Talkers in the circle for a drink for disrespect. You know who you were. Now shut the f@#k up during the circle.

Stiffy is obviously in a medical frame of mind tonight and has been reading in the press that women with skinny asses are more likely to contract diabetes than those with a bit more padding. Goody Bag is brought in to illustrate the dangers of a skinny ass, and gets a drink of water to minimize the risks.

Suzee Wong enters the circle for a charge and is rudely interrupted with “well no chance of diabetes there then”. Not Good Enough doesn’t need to be told the error of his ways and gives himself a drink. Suzee Wong wants to know if when the cat is away, the mice will play? For some reason Goody Bag and Kannot Kan both have stiff necks today, and is this related to Kan the Kobra being away? I don’t know but they had a drink anyway.

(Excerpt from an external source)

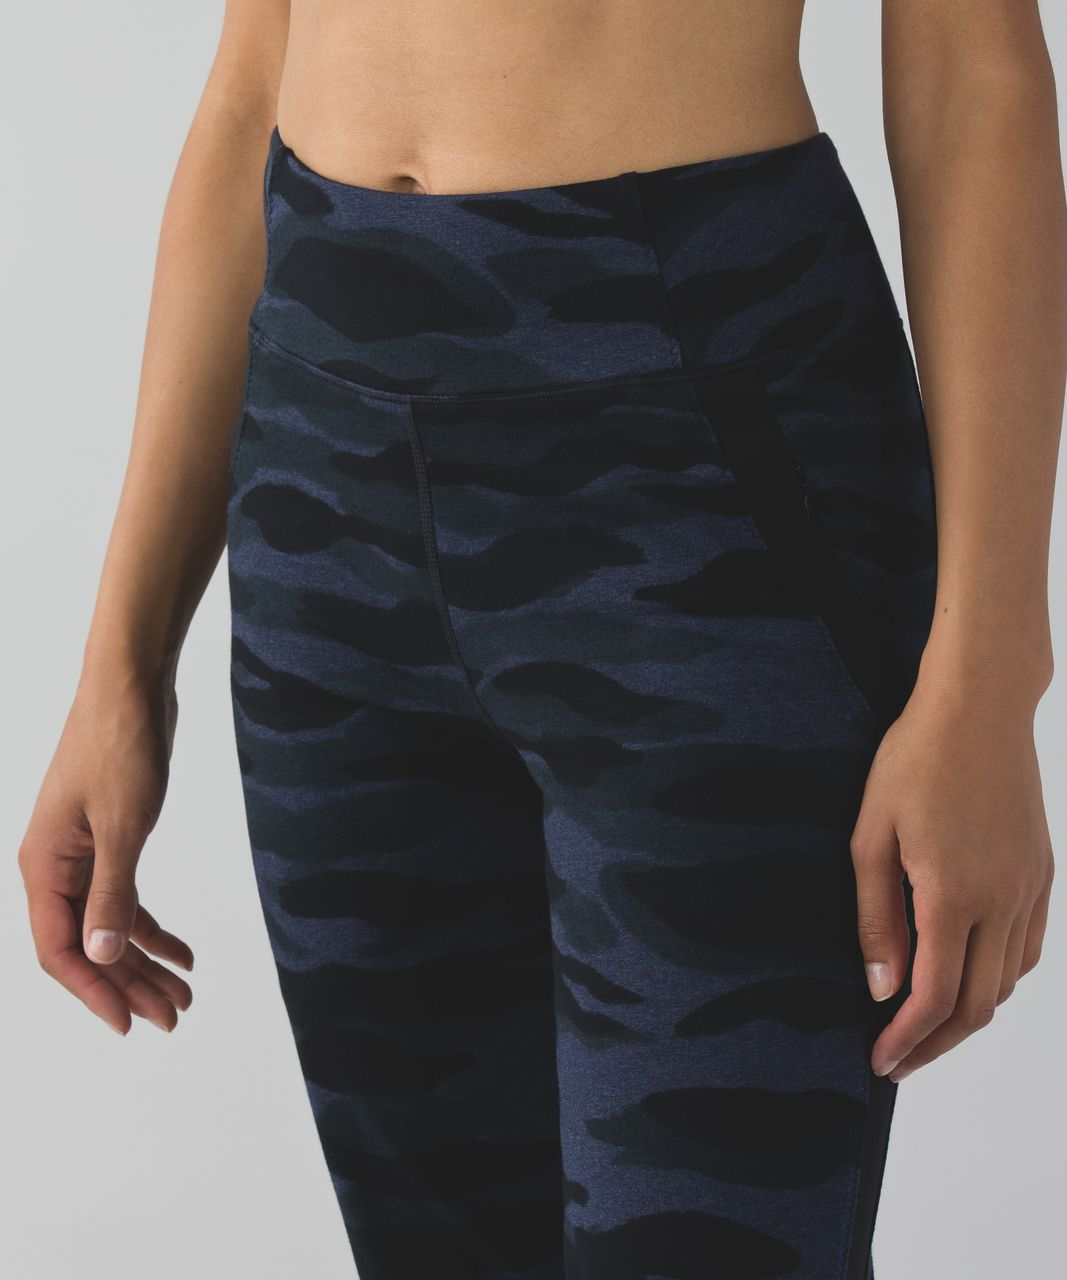 Lululemon Bolt Sweatpant - Mini Coast Camo Heathered Deep Navy Black / Black

Zipp takes the GM to task since not only is there a shortage of f@#k me shoes, one of her committee members is not wearing a hash shirt! On in Goody Bag, closely followed by Suzee Wong, Kamala, and Norma. Buy a hash shirt when the haberdash is back! The scribe remarked that the original charge was a bit unfair, the boys are fairly certain that Goody Bag has hash knickers.

Hardy Boy announces the KL Full Moon Hash Pub Crawl on October 12, only 50 Ringgit. Check Friday’s web site, no doubt they will have all the details.

Scribed by Sneaky Comer at the last minute on a scrap of fish and chips paper, so humble apologies for any errors.